Как-то раз вечером, когда Ярогнев в длинной белой рубашке, надетой на него бабкой, спал уже в постели, Эльжбета спросила мужа:

— Дурчок, и чего ты все гневаешься на нашего внука? О чем ты думаешь, когда на него так смотришь?

— Ни о чем, — мрачно отрезал Дурчок. Опершись головой на руку, он дремал у окна, настежь открытого в этот летний вечер. — Не верю я ему, как волку, сколько бы он ни улыбался.

— Да что ты! Ведь он совсем переменился! — с жаром возразила Эльжбета.





— Как же! — буркнул старик и пожал плечами.

Во время массажа Эльжбета рассказывала Ярогневу длинные истории, чтобы ему не скучно было сидеть смирно. Рассказывая, она смотрела ему в глаза, а мальчик то подремывал, убаюканный ее голосом, далее засыпал иногда, а то вдруг оживлялся и задавал вопросы. Говорила Эльжбета о разном, но все вертелось вокруг знакомых мест и дел. Рассказывала, как они когда-то жили в лесной сторожке, где теперь живет Гжесяк, как помещик приезжал к ним из Гилярова, как они потом перебрались на мельницу и здесь мать Ярогнева выросла такой славной девушкой.
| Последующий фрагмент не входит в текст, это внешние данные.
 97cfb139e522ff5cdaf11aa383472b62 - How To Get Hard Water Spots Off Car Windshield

— Мама красивая была? — спросил Ярогнев.

— Краше ее не было во всей Вильковые. Таких красавиц и во Вроцлаве не увидишь (для Эльжбеты Вроцлав был столицей и мерилом всего прекрасного).

— А отец?

— Как тебе сказать… Мы не рады были, что она вышла за этого Шульца: хворый он был, из-за него и Иоася заболела. Но поляк был добрый.

Ярогнев насупился, но не сказал ни слова.
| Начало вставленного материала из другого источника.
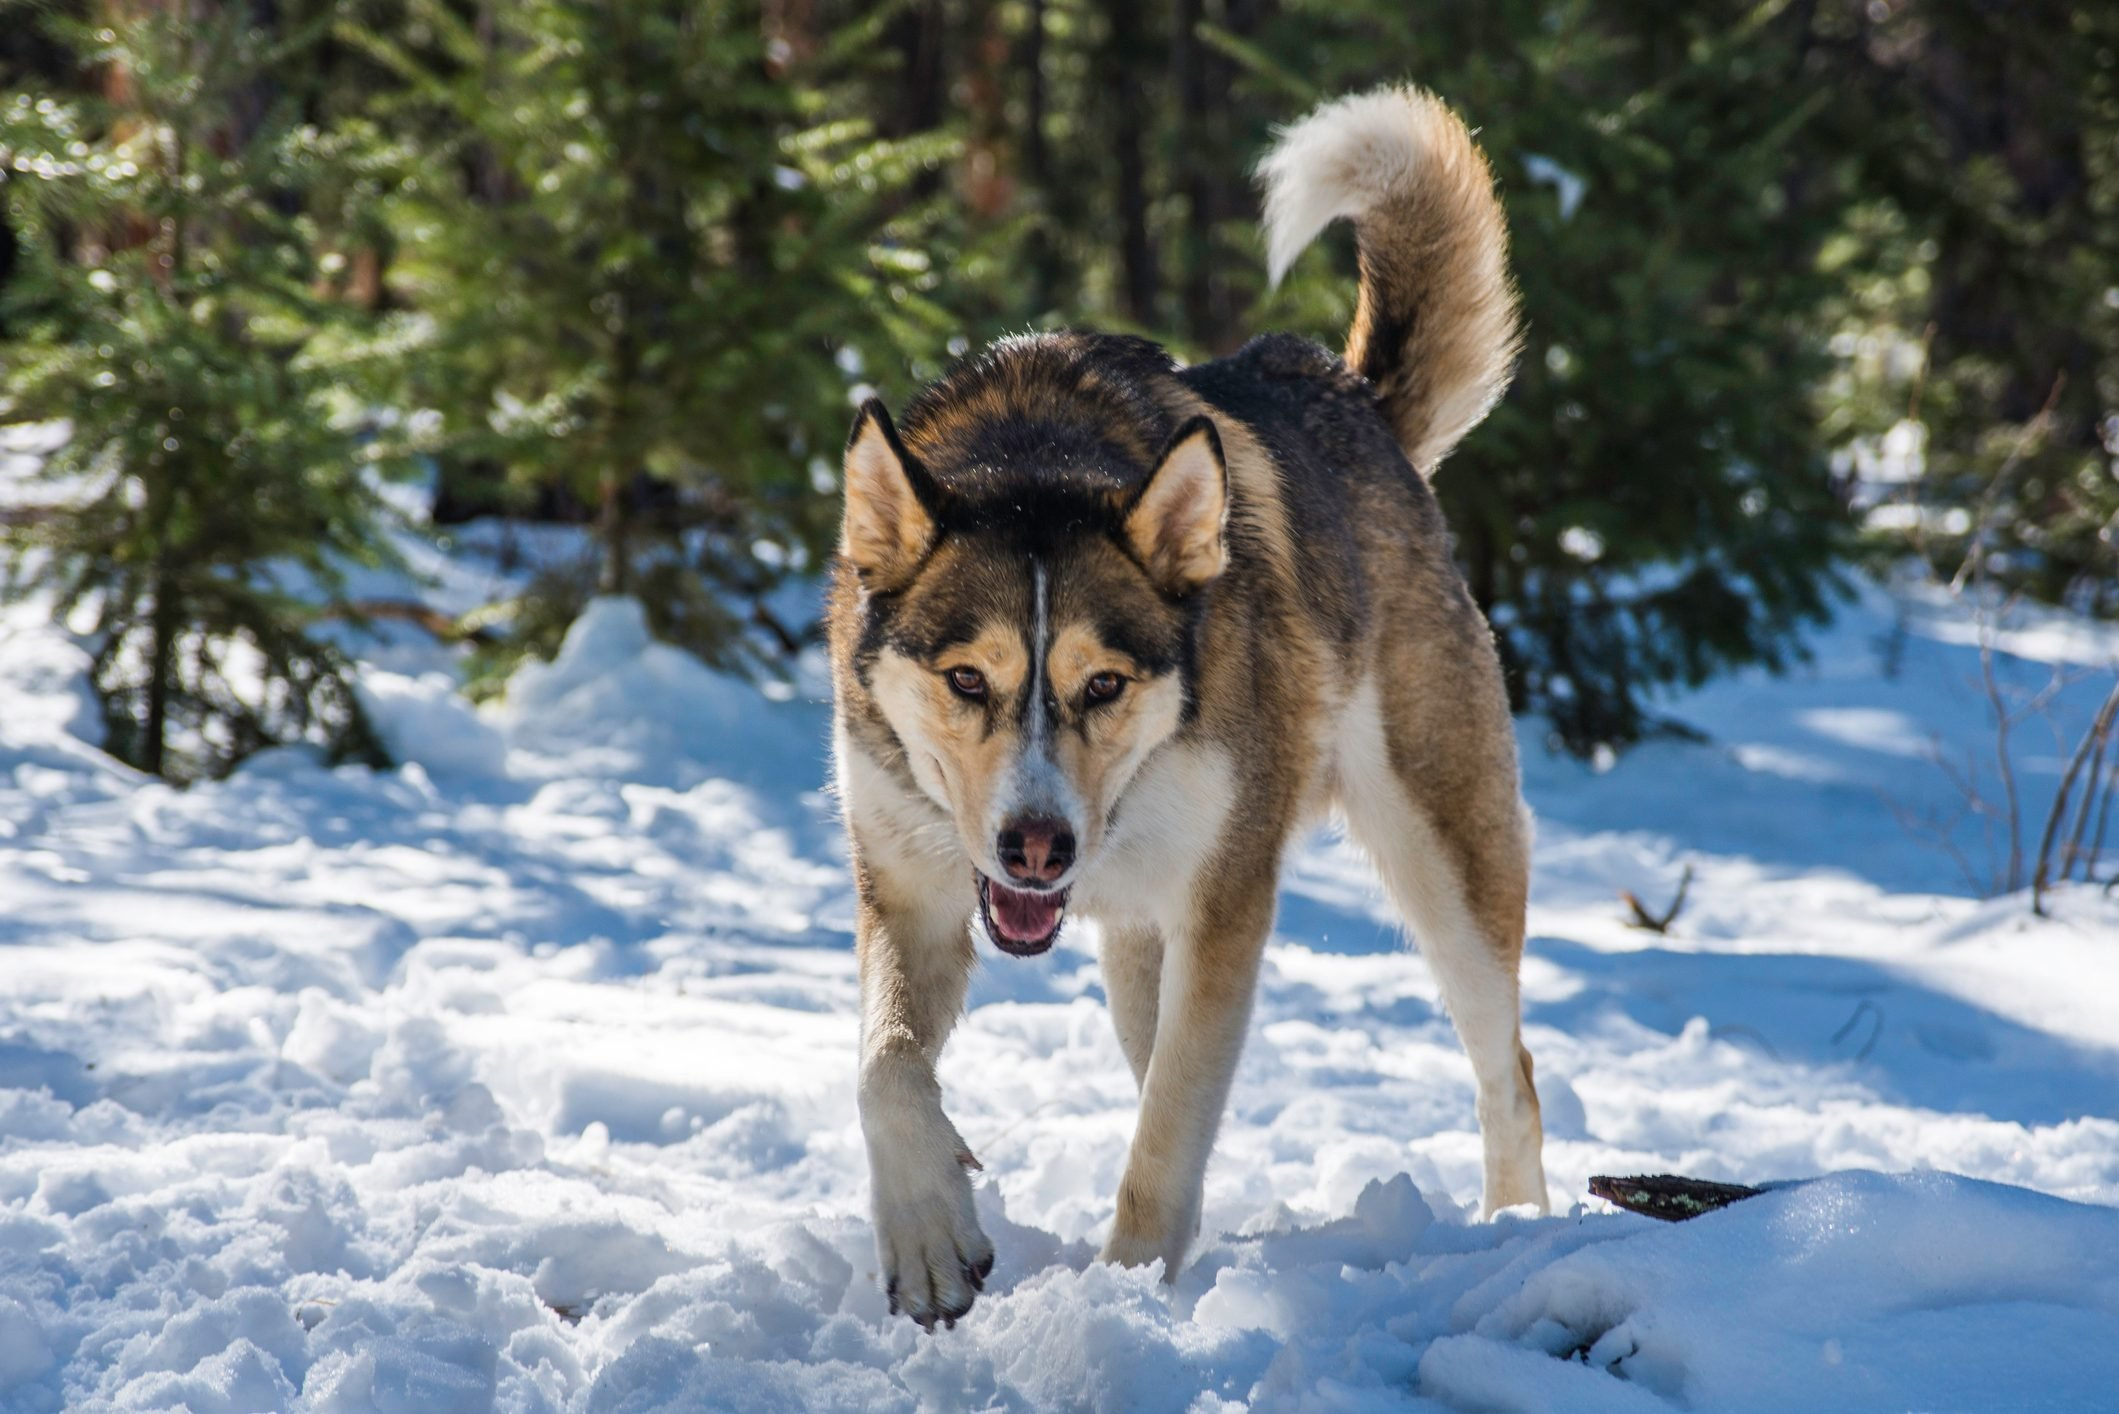 Husky dog walking on snow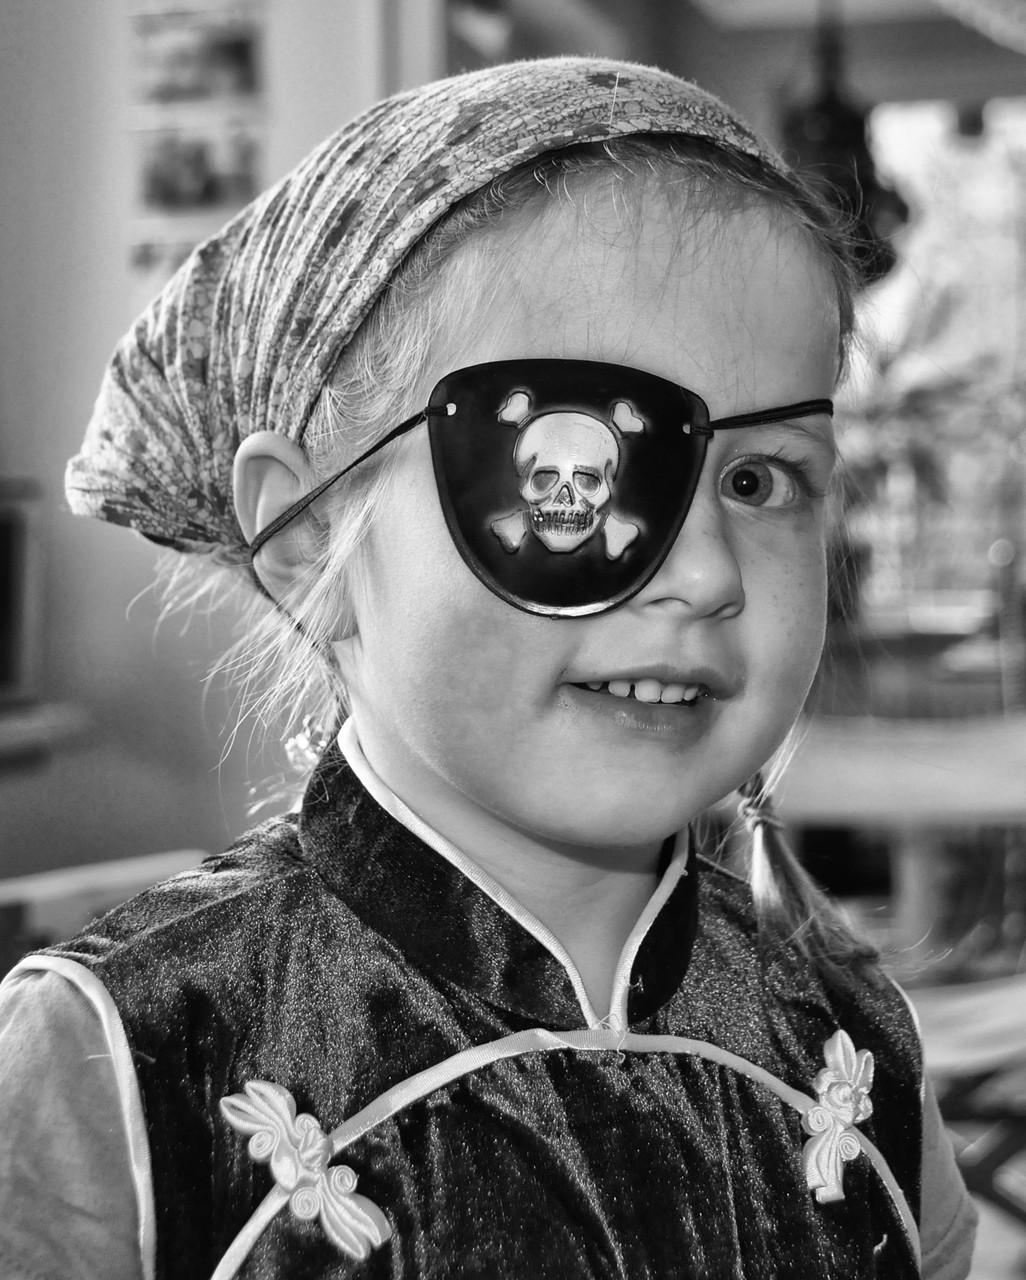 Piratenfrau

Массируя ему руки, Эльжбета учила его молитвам. Собственно, не учила, а напоминала, так как он прежде знал их наизусть. Убаюканный ласковыми прикосновениями и монотонным голосом бабки, Яро не всегда соглашался повторять за нею слова молитвы.

— Ну, говори, говори, мальчик, — просила старуха. — «Верую во всемогущего бога-отца и Иисуса Христа, сына его единого».

— «Рожденного пресвятой девой Марией», — сонно и неохотно договаривал Ярогнев, закрывая глаза.

А бабка опять:

— Повторяй, сынок! Первое: «Да не будет у тебя других богов перед лицом моим…» Четвертое: «Чти отца твоего и матерь твою…»

— «Чти отца твоего и матерь твою», — вяло повторил Ярогнев и вдруг оживился: — А что это значит, бабушка, «чти отца твоего»?

Эльжбета остановилась на полуслове.

— Это значит, что ты всегда должен думать так, как твой отец. Отец твой был поляк, и ты будешь поляком.

Ярогнев опять нахмурился, не открывая глаз. Эльжбета угадывала, что в душе его идет трудная работа, пробивается какая-то мысль, беспокойная и неуловимая. Такое выражение лица Эльжбета подмечала у рожениц, к которым ее звали.

— Да, сынок, — сказала она. — Ты будешь поляком.

— Может, и буду, — с заметным усилием выговорил Ярогнев. Это походило на стон.